The hubs seemed nice and tight at least. I was a little worried because I had no idea on what condition these hub assemblies were in. You can’t really tell until you press in some new bearings. There was some play originally with the old wheel bearings but I would guess that they were probably never replaced before and were very old. But anyway, I’m good to go at this point with them. I took them home, cleaned them up, and painted them. 

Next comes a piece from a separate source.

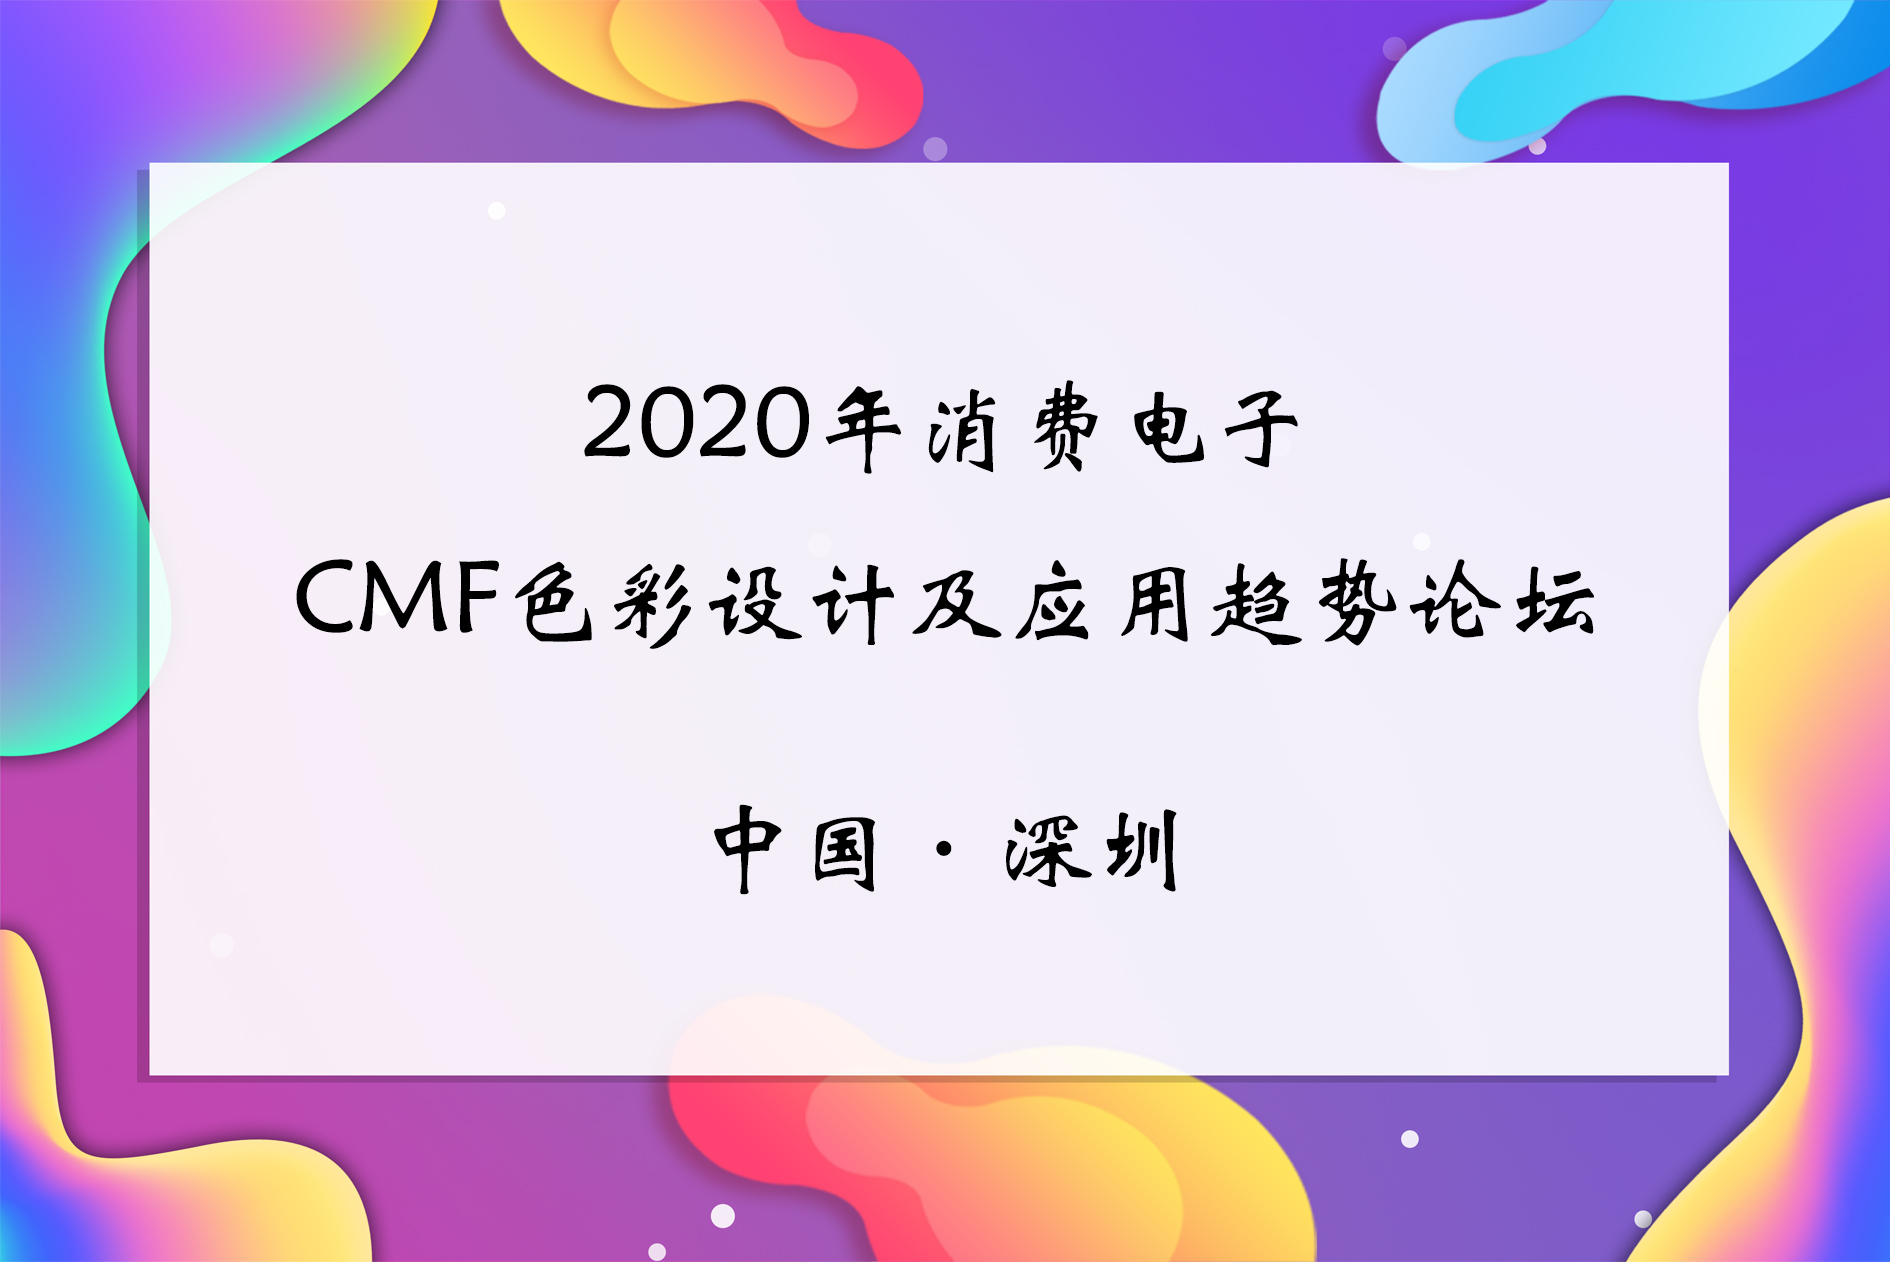 2020年消费电子CMF色彩设计及应用趋势论坛

I began stripping each side of the car. Everything came apart very well considering I had never replaced anything on the front suspension of this car before period. I did have to cut one away bar end link out on the right front as the middle portion was rounded out and a wrench wouldn’t stay on. Another issue I had was the inner tie rod on the same side. The locking nut was froze and would not turn either direction. Which wasn’t a big deal because I was replacing both tie rods, but yet I found myself fucking with it for a good 20 minutes just because.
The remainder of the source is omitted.